The total abundance estimates indicate that the number of depressed individuals in the VCHA region is declining over time, but at a pace which slowed dramatically between the years of 2004 and 2013. Without data from 2015 onwards, it is impossible to know how the rate has changed since, although the trend since 2011 appears to be decreasing. A time series investigation could provide short term future estimates.

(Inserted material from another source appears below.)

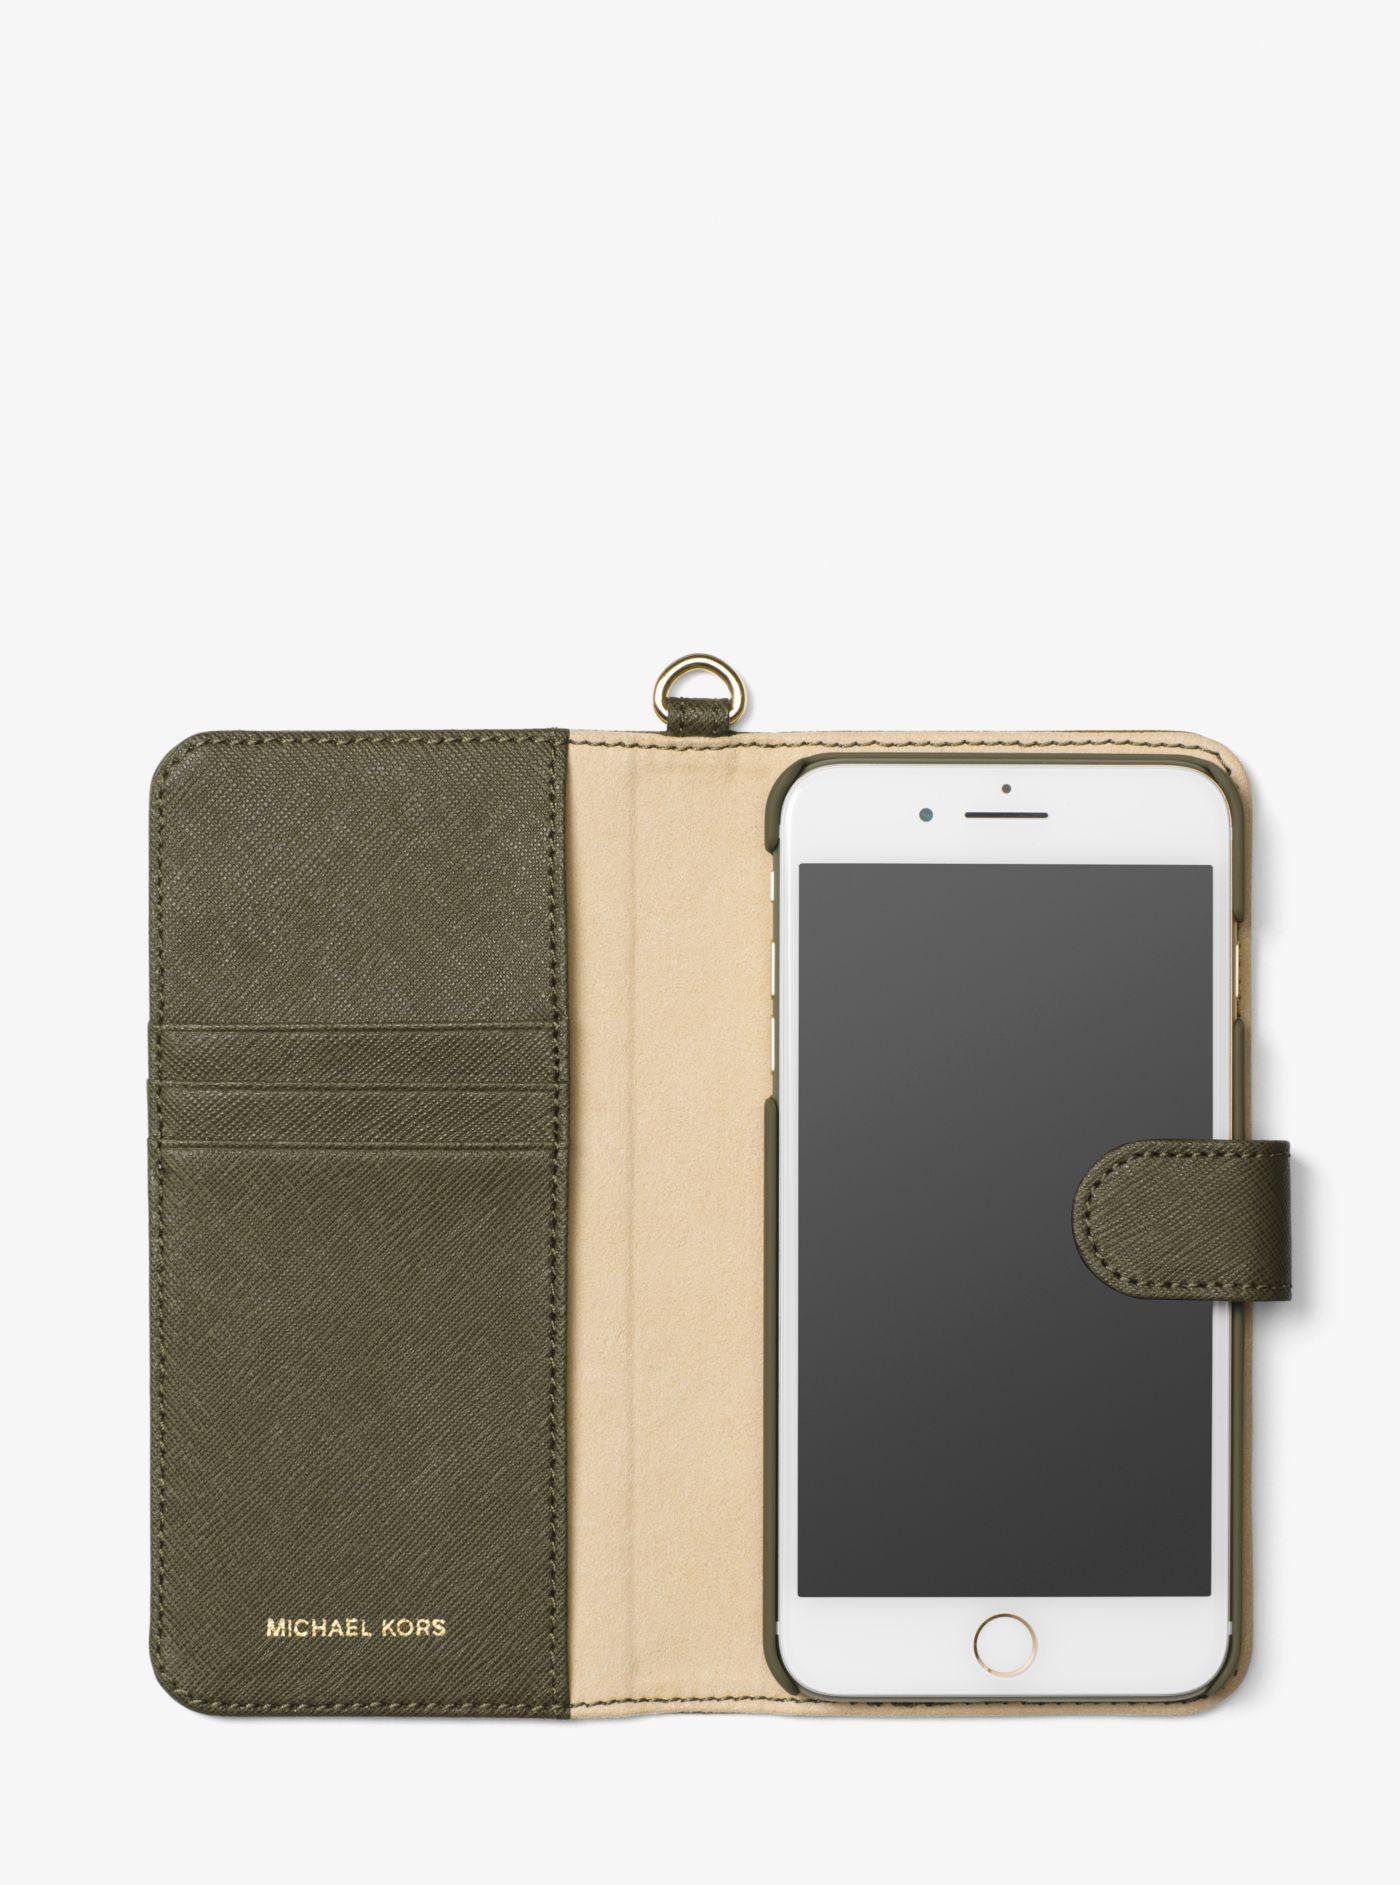 Michael Kors Saffiano Leather Folio Phone Case For Iphone 7 Plus in Olive  (Green) - Lyst

The site specific abundance estimates show a similar decrease in cases across all sites. The Vancouver estimates seem more well behaved than the other two. This could be indicative of systemic changes in those Health Authority regions (perhaps new facilities, new reporting procedures, demographic shifts, region redefinitions, etc). If known, these details could be incorporated into the model for a more accurate set of estimates.

The detection probability was estimated to be 0.986 using the naive but reasonable open population model (compared to the closed population model estimate of 0.63). This value is likely far too high, and we would expect more complex models to do a better job of predicting the detection rate. Access to more covariate information, and modeling of more complex interactions in the link functions, would be ways of potentially improving the estimates.

The fitting of additional models is straightforward, but requires considerable computation time. The comparison of such models can be done through the AIC values (conveniently calculated in the model summary in the “unmarked” package). Lower AIC values would indicate a likelihood preferred model.